Barrow, Mitchelstowndown West, Co. Limerick

There is nothing to see here, at least not with the naked eye.

Somewhere in the reclaimed pasture of Mitchelstowndown West, Co. Limerick, a prehistoric burial mound lies so thoroughly absorbed into the agricultural landscape that it left no trace on Ordnance Survey historic maps and registers no surface remains on modern satellite imagery. Its existence is known from a single aerial photograph, taken on 3 November 1984 as part of a Bord Gáis Éireann survey, which caught something in the play of light and shadow across a field that a later examination identified as a barrow. Barrows are earthen or stone-built mounds raised over the dead, common across Ireland from the Neolithic through to the early medieval period, and they survive in many forms. This one survives, if that is even the right word, only as a cropmark or soil signature visible from altitude under particular conditions.

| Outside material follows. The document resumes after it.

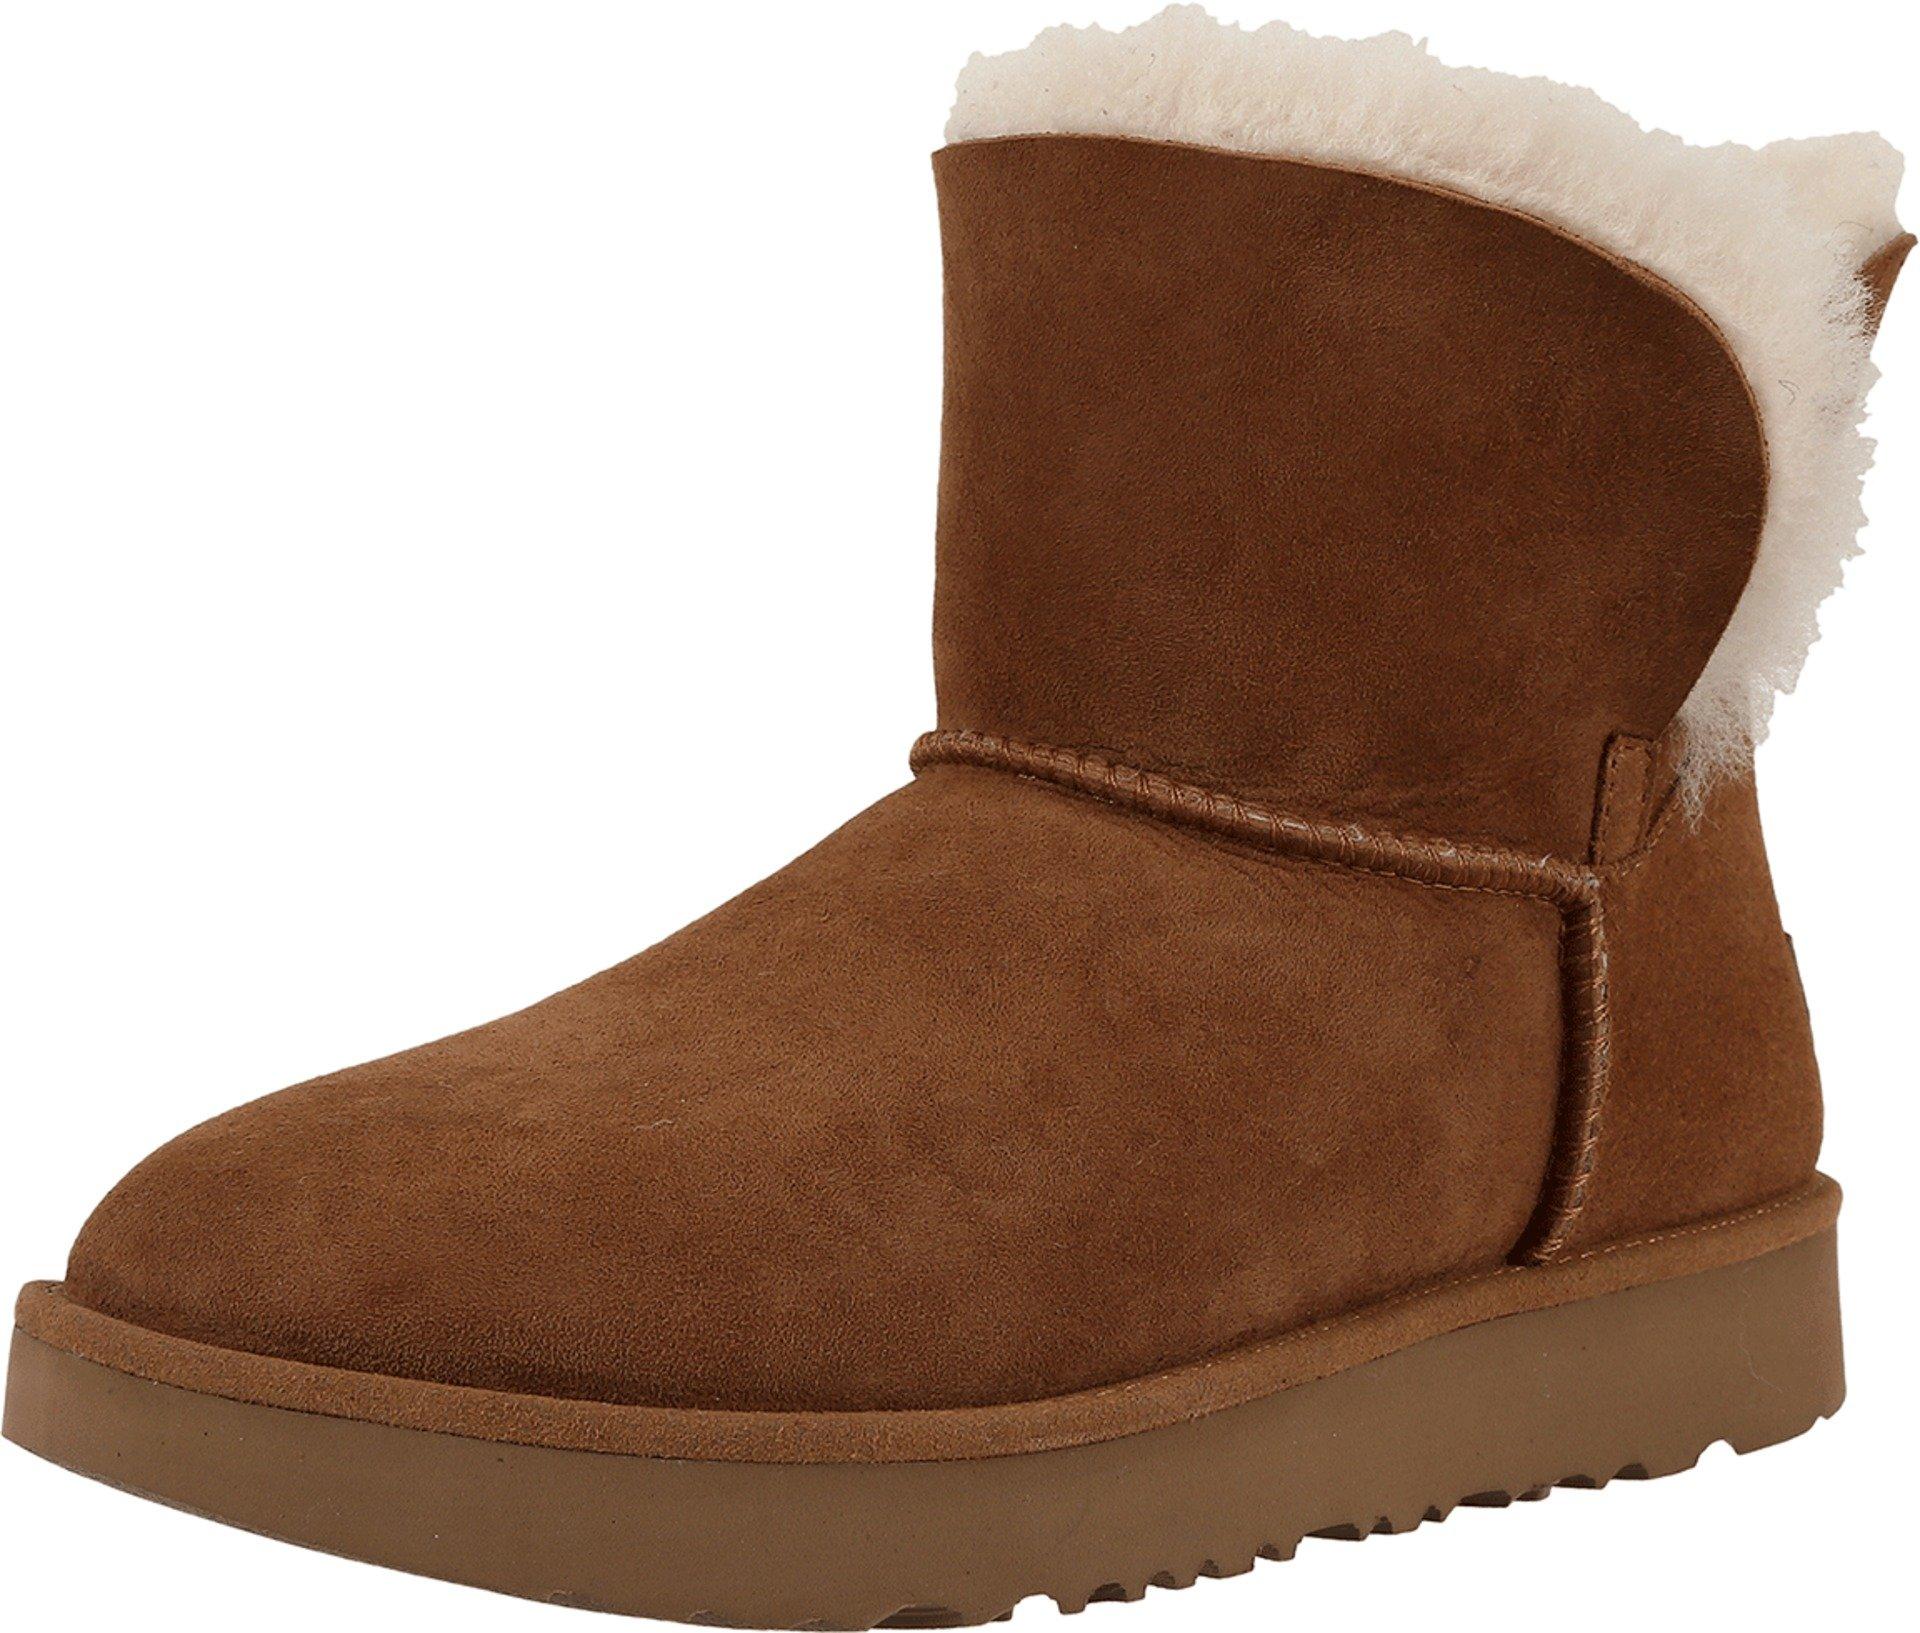 UGG Women's Classic Cuff Mini Winter Boot, Chestnut, 7.5 M US

What makes the site more intriguing than a single erased monument is the scale of what surrounds it. This barrow is one of 36 possible examples identified within an area roughly 250 metres north to south by 450 metres east to west, and a further cluster of seven possible barrows lies approximately 240 metres to the west. That density, concentrated in reclaimed pasture just 55 metres south of the watercourse that marks the townland boundary with Mitchelstowndown North, points to a landscape that was once of considerable ritual or funerary significance. None of these features were recorded on historic Ordnance Survey maps, which means the entire complex went unrecognised until aerial photography brought it into focus. The record was compiled by Martin Fitzpatrick and uploaded to the Sites and Monuments Record in September 2021.

For anyone visiting the area, expectation should be managed carefully. The field shows nothing at ground level, and the site sits on private agricultural land, so access is not straightforward. The aerial photograph that revealed the site, BGE 2573, was taken in early November, a time of year when low sun angles and soil moisture differences can make buried features legible from above in ways that summer visits never would. The broader townland is worth approaching with a map and an awareness that the ordinary-looking pasture around you may contain one of the more quietly remarkable concentrations of possible prehistoric funerary monuments in the county, most of it still unexcavated and incompletely understood.